1615 Platte Street, 2nd Floor
Denver, Colorado 80202
Re: Veritone, Inc. Registration Statement on Form S-3
Ladies and Gentlemen:
We have acted as counsel to Veritone, Inc., a Delaware corporation (the Company), with respect to certain matters in connection with the filing by the Company of a Registration Statement on Form S-3 (the Registration Statement) with the Securities and Exchange Commission (the Commission), including a related prospectus included in the Registration Statement (the Prospectus), covering the registration for resale of up to 3,008,540 shares (the Shares) of the Companys common stock, $0.001 par value (the Common Stock), issuable upon the exercise of outstanding warrants (the Warrants).

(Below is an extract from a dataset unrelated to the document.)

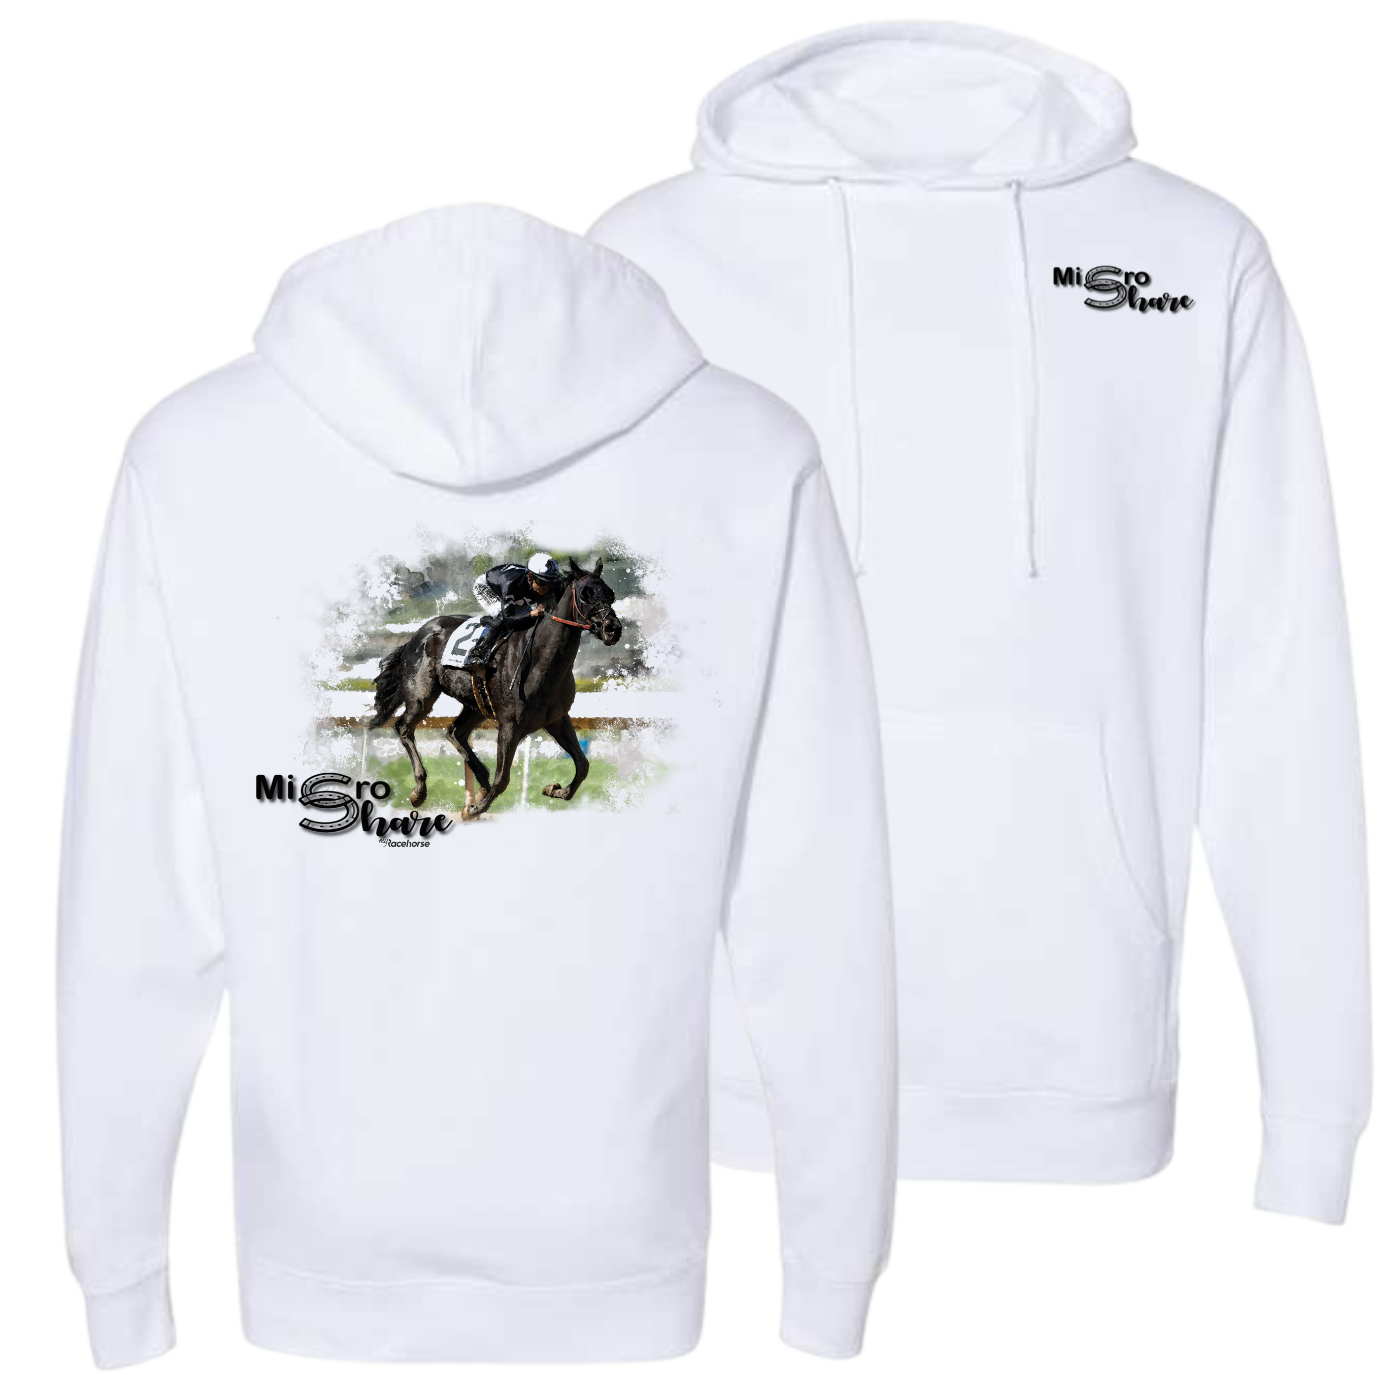 Micro Share Unisex Hooded Sweatshirt

In connection with this opinion, we have examined and relied upon the Registration Statement, the Prospectus, the Warrants, the Companys certificate of incorporation and bylaws, each as currently in effect, and such other records, documents, certificates, memoranda and other instruments as in our judgment are necessary or appropriate to enable us to render the opinion expressed below. We have assumed the genuineness of all signatures, the authenticity of all documents submitted to us as originals, the conformity to originals of all documents submitted to us as copies, the accuracy, completeness and authenticity of certificates of public officials and the due authorization, execution and delivery of all documents by all persons other than the Company where authorization, execution and delivery are prerequisites to the effectiveness thereof. As to certain factual matters, we have relied upon a certificate of an officer of the Company and have not independently verified such matters.
Our opinion is expressed only with respect to the General Corporation Law of the State of Delaware. We express no opinion to the extent that any other laws are applicable to the subject matter hereof and express no opinion and provide no assurance as to compliance with any federal or state securities law, rule or regulation.

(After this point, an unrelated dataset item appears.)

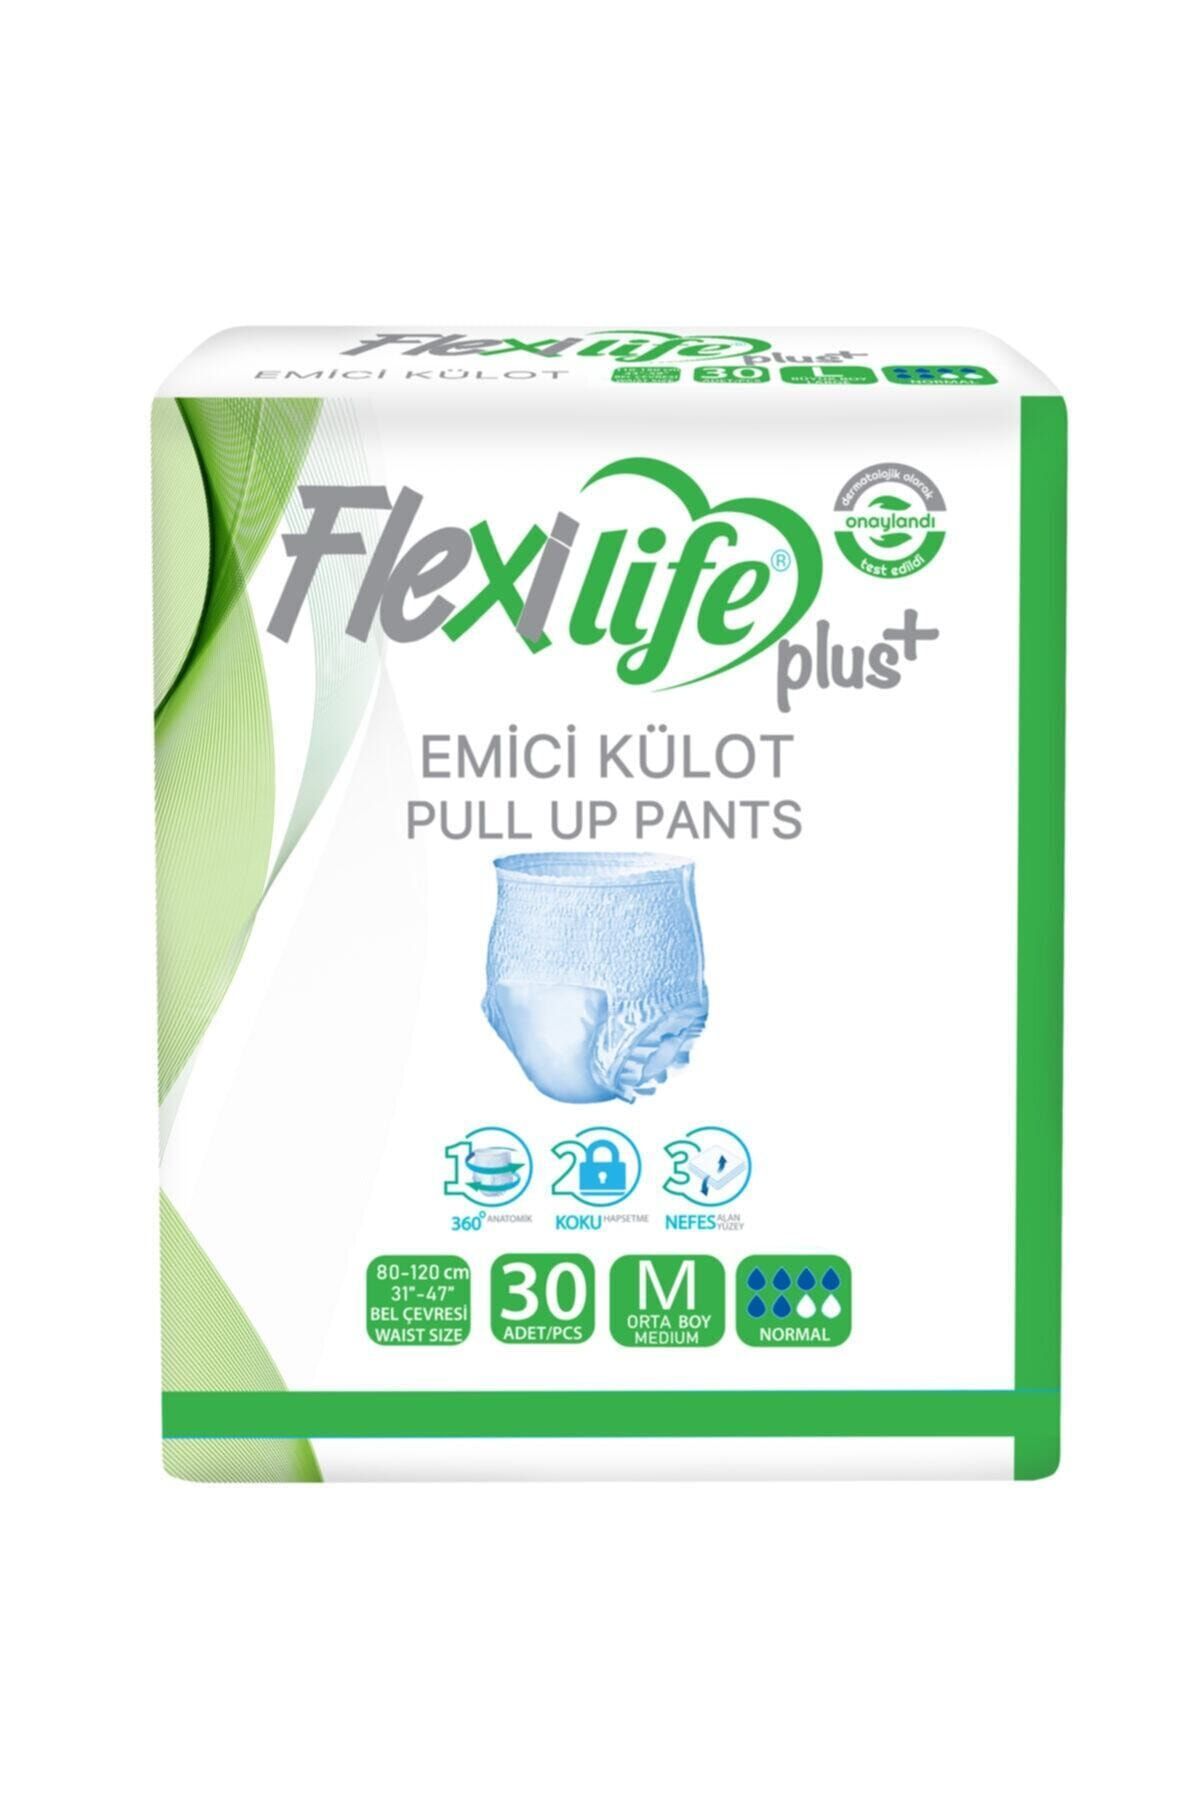 Flexi Life Flexilife Plus Ped Emici Külot Yetişkin Hasta Bezi Medium Boy 30 Lu 3 Paket

We express no opinion to the extent that future issuances of securities of the Company, adjustments to outstanding securities of the Company or other matters cause the Warrants to be exercisable for more shares of Common Stock than the number available for issuance by the Company. Further, we have assumed the exercise price of the Warrants will not be adjusted to an amount below the par value per share of the Common Stock.
On the basis of the foregoing, and in reliance thereon, we are of the opinion that the Shares, when sold and issued in accordance with the terms of the Warrants, will be validly issued, fully paid and nonassessable.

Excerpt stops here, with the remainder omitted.